I considered goofy as a description of their happy silly personality, not as a negative description.


----------



## GinnyinPA (Oct 31, 2010)

Agreed. in this case, goofy is a compliment. A dog that makes you laugh on a daily basis, who makes you smile just to look at them, who seems to laugh at himself -- what's not to like?


----------



## Door (Apr 2, 2010)

Yes, I agree with all that. He is a happy dog, for sure. And he makes me happy.


----------



## Wendi (Jul 2, 2012)

Geez, Jorgee even came when I called her Goofy Girl. I don't think of it as a negative either. They are so fun loving and goofy when they are really excited and playing.


----------



## janababy (Jan 2, 2012)

My favourite part of the Disney movie "UP", is Dug the dog. He is sooooooooooo Golden Retriever, with his "hi there" and goofy personality.


----------



## Loisiana (Jul 29, 2009)

I'd also give the average standard poodle a goofy label.


----------



## Gwen_Dandridge (Jul 14, 2012)

As is often the case, I'm the holdout (the minority report). :

I've had two female goldens and neither of them would I consider "goofy."

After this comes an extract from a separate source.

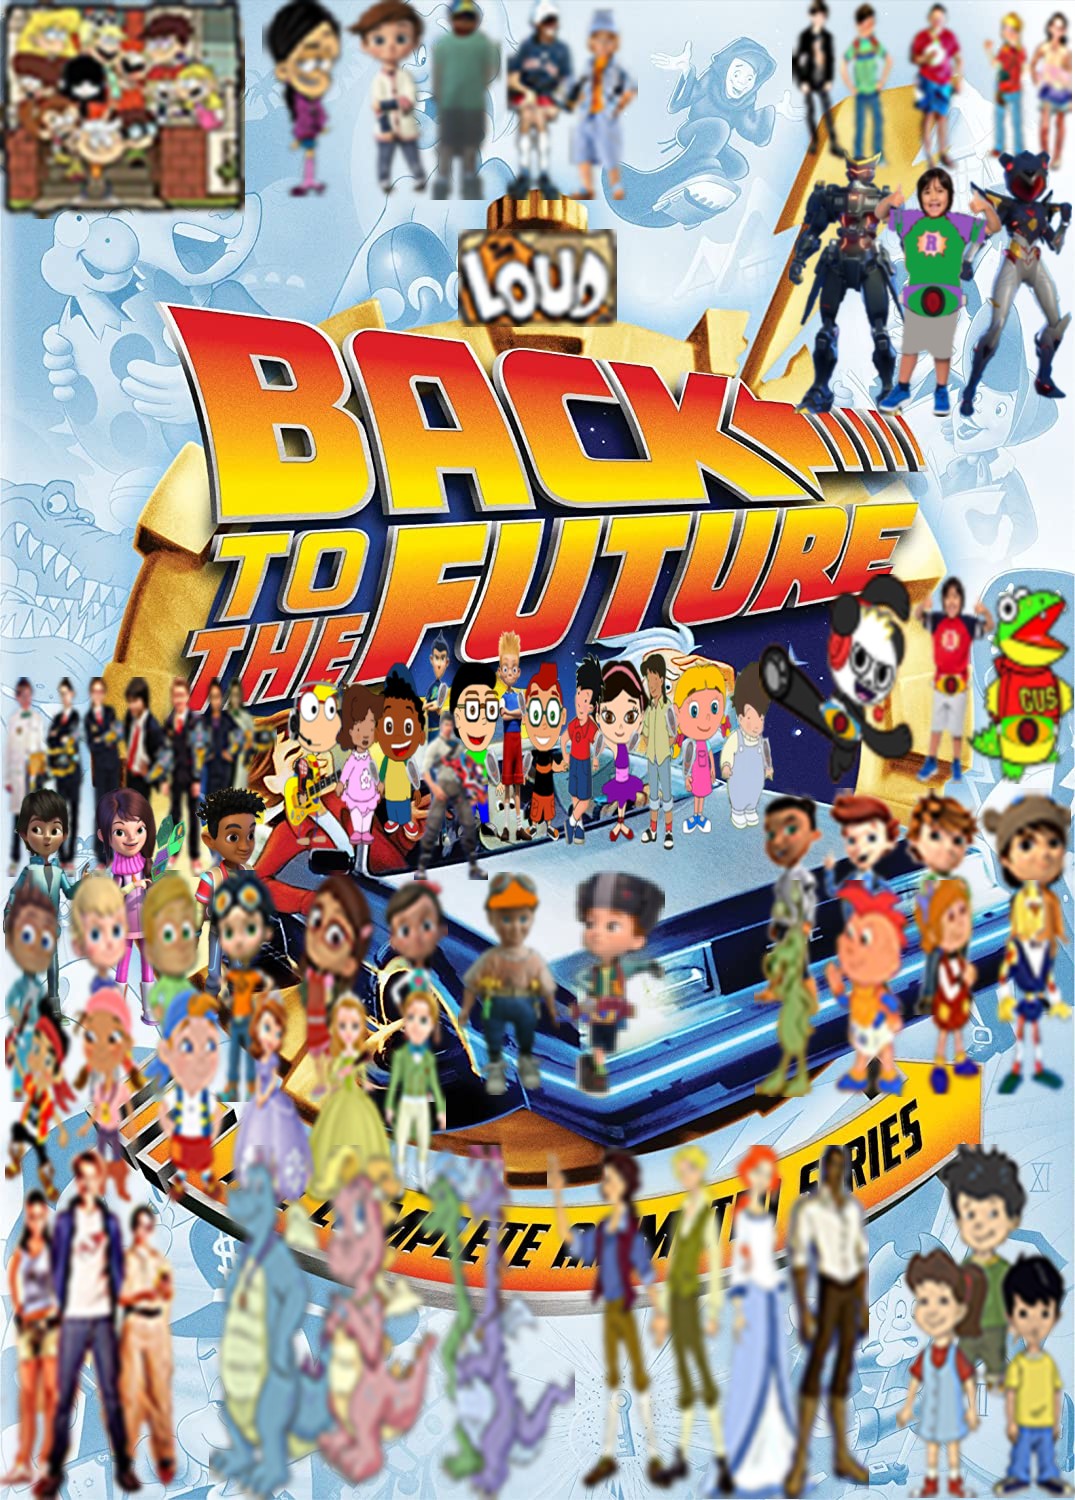 A Sneak Peek at the Cool Animations of the Back to the Future

Both were smart, trainable, obedient, playful and thoughtful. Yes, they will play and play hard but not without thought.

Both Maddie and Amber evaluated situations before gallumping forward into the unknown. Both thought through situations that could be dangerous. And both would disobey when they considered the reward higher then the consequence.

I have seen goldens though, that didn't seem to consider their actions. I just haven't had one.

Anyway, just another opinion.


----------



## Vhuynh2 (Feb 13, 2012)

Gwen_Dandridge said:


> As is often the case, I'm the holdout (the minority report). :
> 
> I've had two female goldens and neither of them would I consider "goofy."
> 
> ...


I don't think "goofy" means that they don't consider their actions.

Molly is a thinker, but she is goofy too. I can't quite explain it but when you see it, you know. 


Sent from Petguide.com App


----------



## Braccarius (Sep 8, 2008)

...just be aware that some of those stigma's come from truth. There's a reason they ended up with that reputation.


----------